Residual blood products from NHSBT platelet donation for use in assays
Research type
Research Study
Full title
The use of blood leucocyte cones residual from NHSBT platelet donation in laboratory assays for the research and development of therapeutic reagents
IRAS ID
186605
Contact name
Mark S Cragg
Contact email
Sponsor organisation
University of Southampton
Clinicaltrials.gov Identifier
Southampton ERGO submission number, 19660
Duration of Study in the UK
5 years, 0 months, 0 days
Research summary
When blood is donated to the National Health Service Blood and Transplant (NHSBT) to provide samples for clinical use, leucocyte cones are produced as a by-product of the apheresis process and NHSBT make these available for purchase as non-clinical components for research as they would otherwise be discarded.

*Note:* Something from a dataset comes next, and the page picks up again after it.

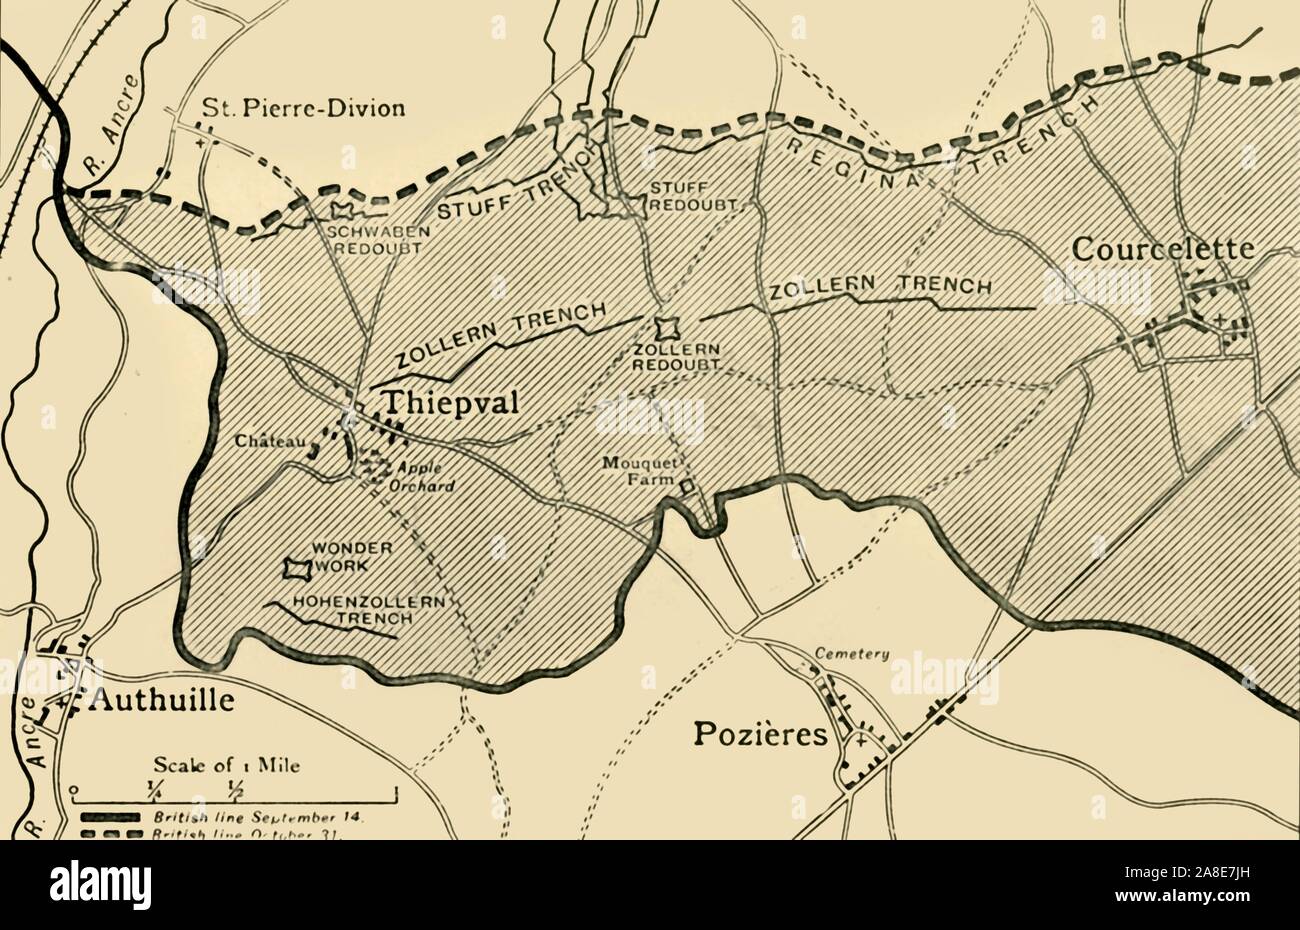 'Map showing approximately the area gained on the Thiepval Ridge between September 14 and October 31, 1916', (c1920). The British line in northern France during the Battle of the Somme, First World War. From &quot;The Great World War: A History&quot;, Volume VI, edited by Frank A Mumby. [The Gresham Publishing Company Ltd, London, c1920] Stock Photo

Donors give generic consent for research use as part of the donation process, and are not identifiable. These leucocyte cones contain blood that is enriched with many different cell types found naturally in the blood and are useful in many assays employed in biological research and so are widely used by research institutions as an alternative to blood taken from laboratory volunteers. The research in the Antibody and Vaccine Group is focused primarily on the immunotherapy of cancer, and how this may be improved. The leucocyte cone derived cells are key components of laboratory assays used in the research effort to further understand this disease and in the development of drugs with the aim of providing improved therapeutic treatments. Typical readouts from such assays include cell proliferation, cytokine release, cell surface marker expression, expression of downstream signalling molecules or cytotoxicity. We also wish to determine if and how cellular responses to therapeutic reagents may be influenced by the expression of different forms of a protein due to natural variations in the DNA sequence between individuals, termed polymorphisms. Such information may help to explain why some donors respond in assays better than others, and inform the development of improved therapeutic reagents. This analysis will not involve genes of any diagnostic relevance, and the donors are healthy and anonymous and so our findings will not have any implications for their wellbeing or any subsequent treatments.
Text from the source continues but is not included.